> [WHAT TO WORK ON]:
In this exercise, the entries below include pictures. Repeat exactly the lines from the line with "Sacla Olive Nere Toste 200 g" to the line with "ФК Динамо Барнаул. Футбол: итоги сезона 2007", including both, but without the pictures.

> [DATA PROVIDED]:

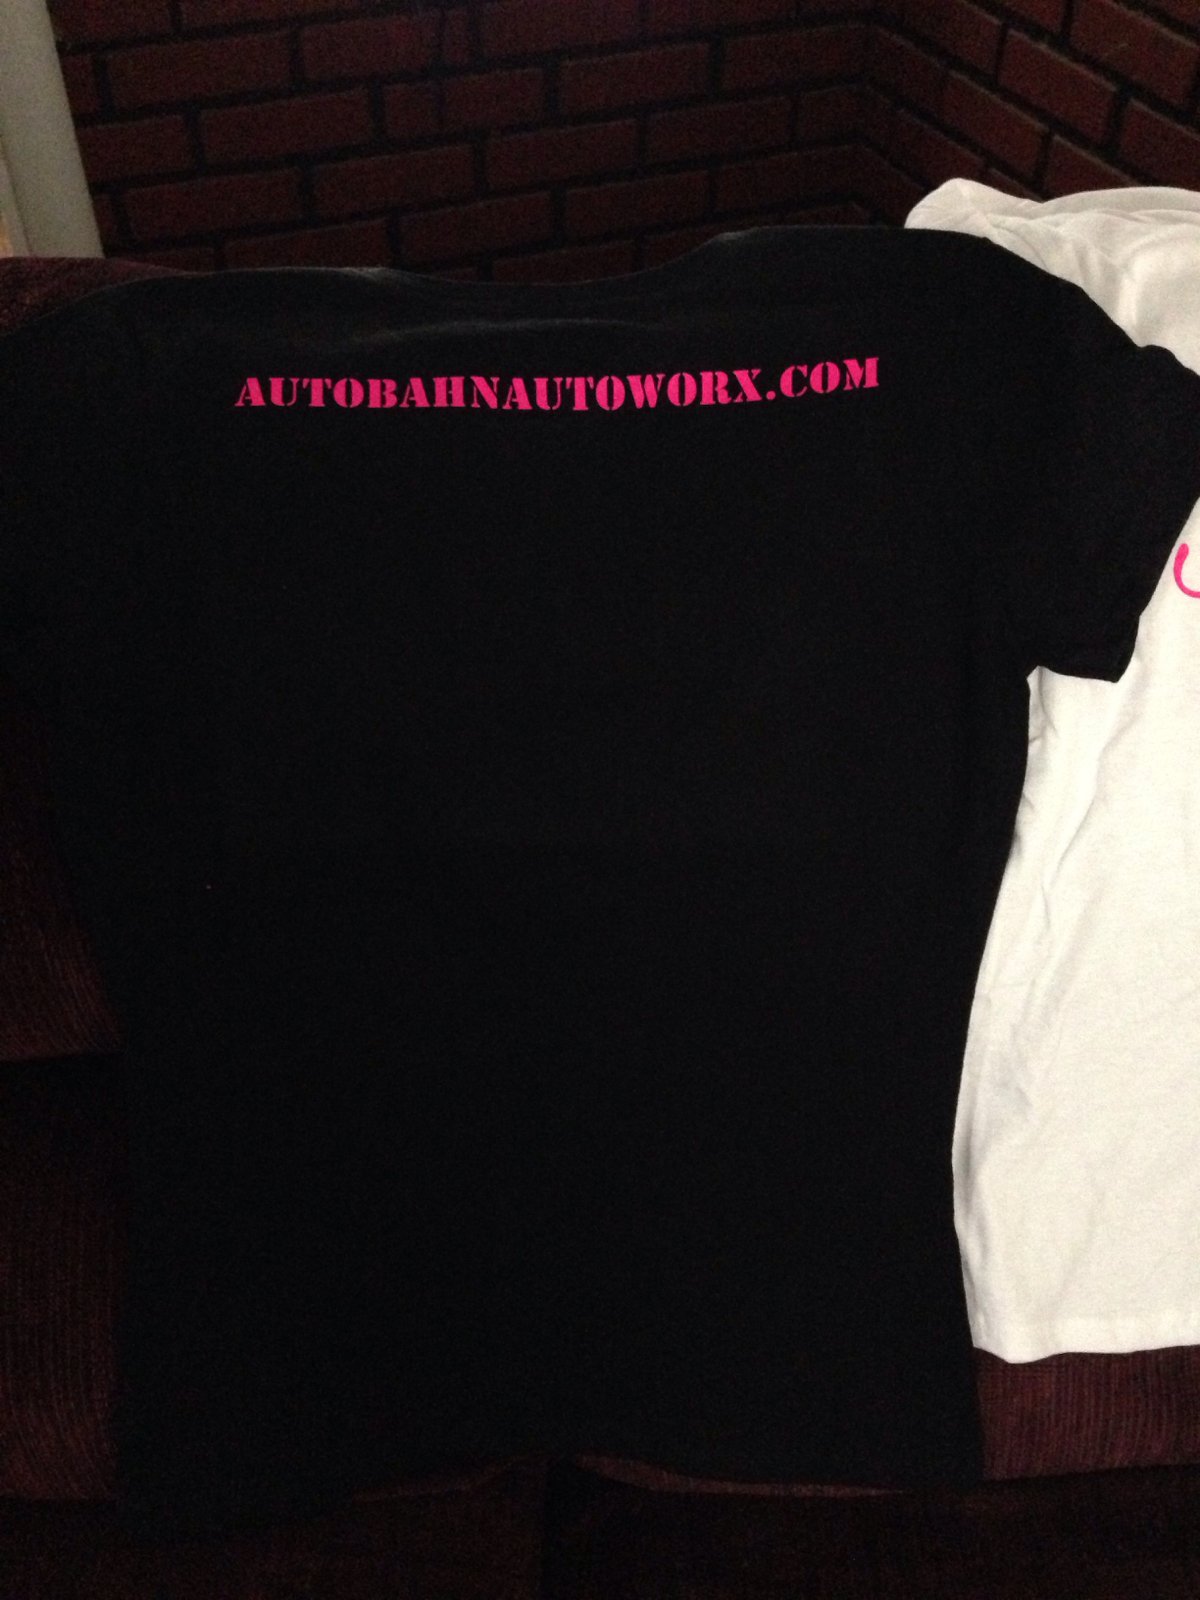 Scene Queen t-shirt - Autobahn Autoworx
* * *
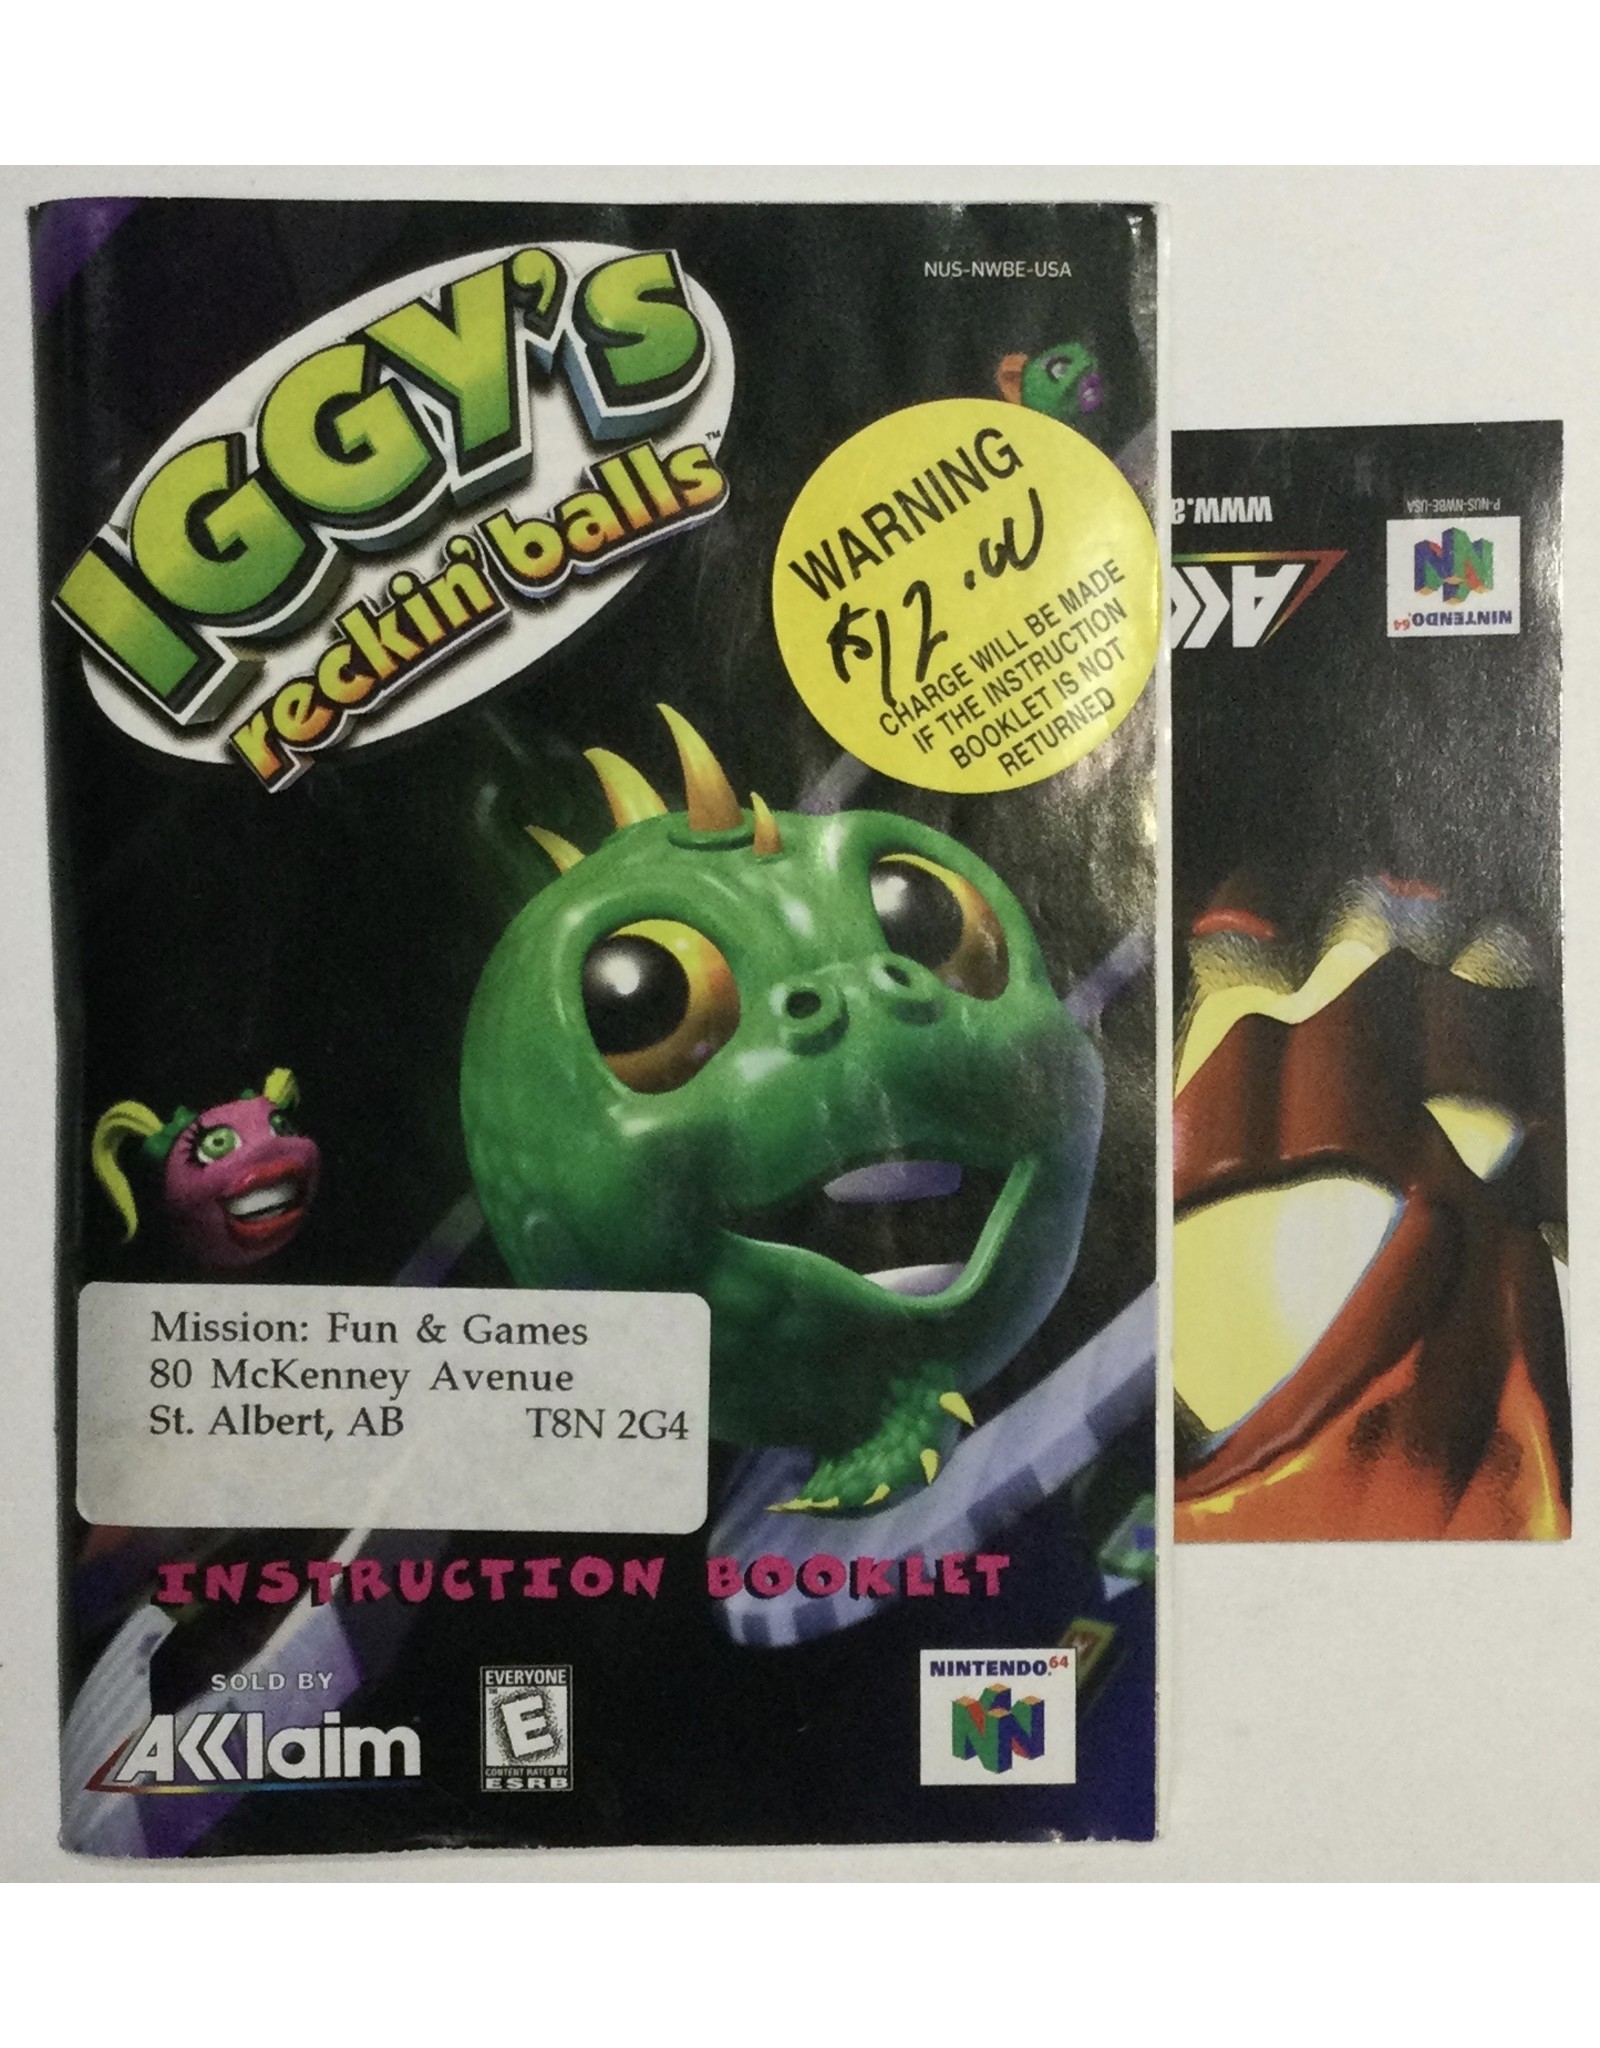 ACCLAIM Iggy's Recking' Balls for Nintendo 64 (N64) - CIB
* * *
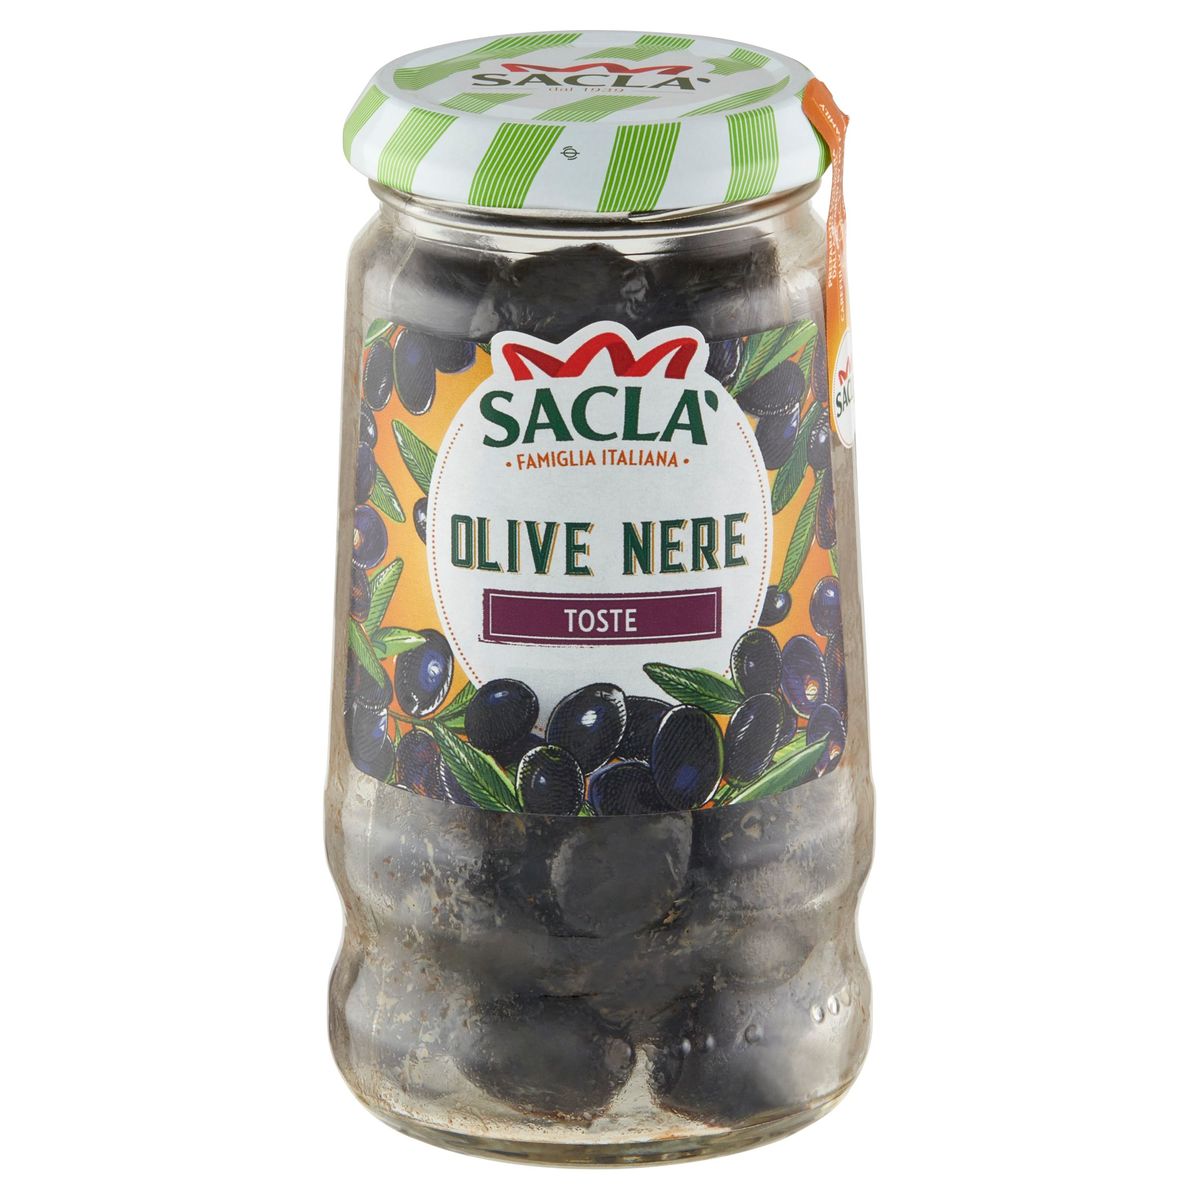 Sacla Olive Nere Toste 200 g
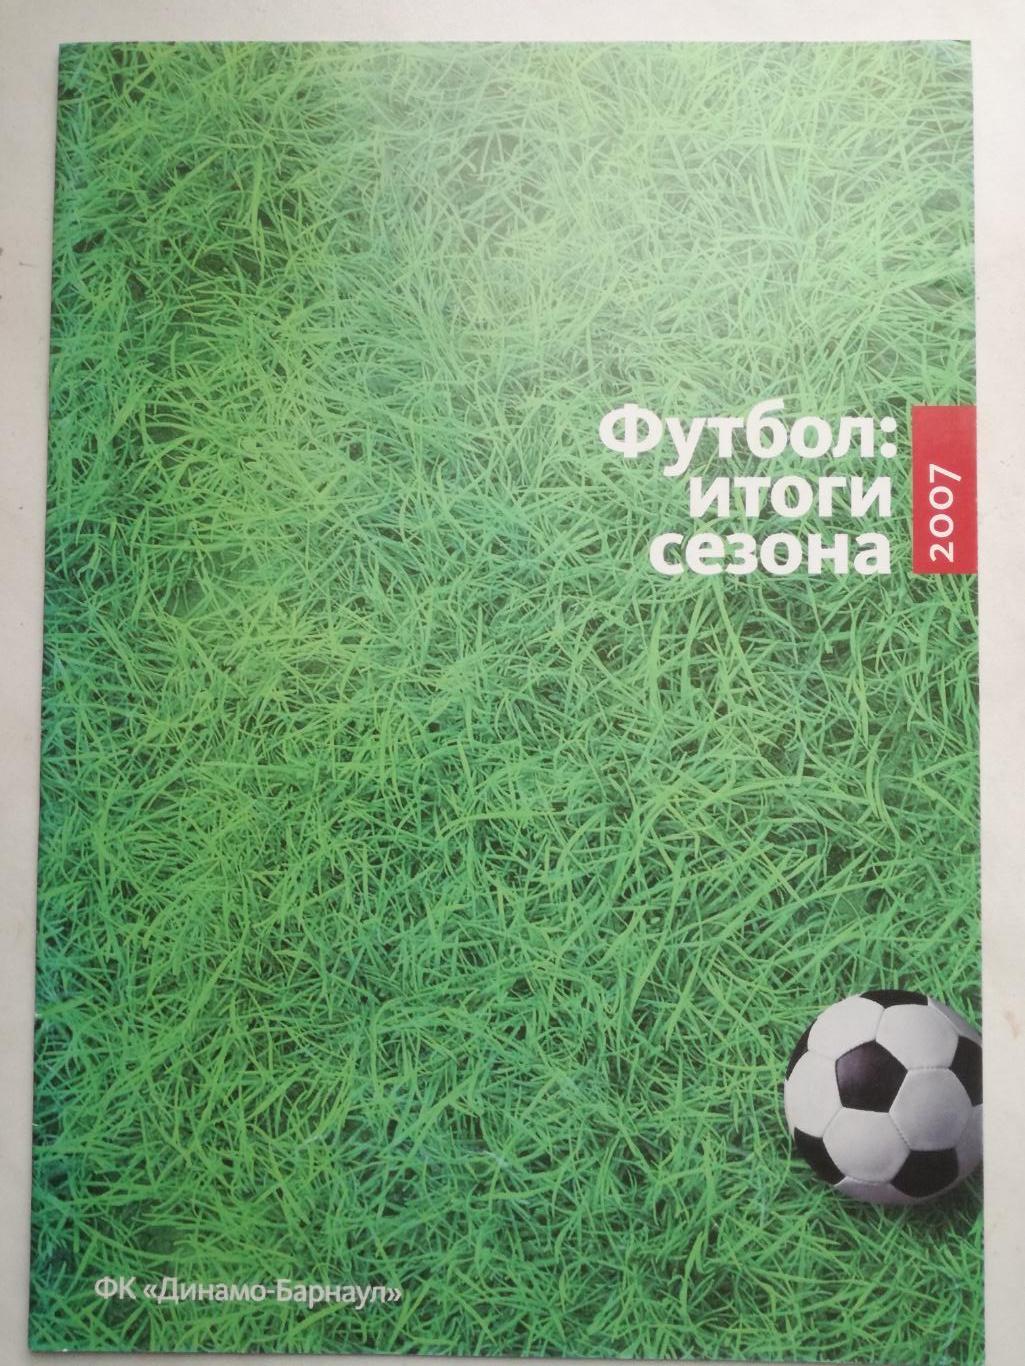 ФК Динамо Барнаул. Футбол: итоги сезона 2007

> [SOLUTION TO THE EXERCISE]:
 Sacla Olive Nere Toste 200 g
 ФК Динамо Барнаул. Футбол: итоги сезона 2007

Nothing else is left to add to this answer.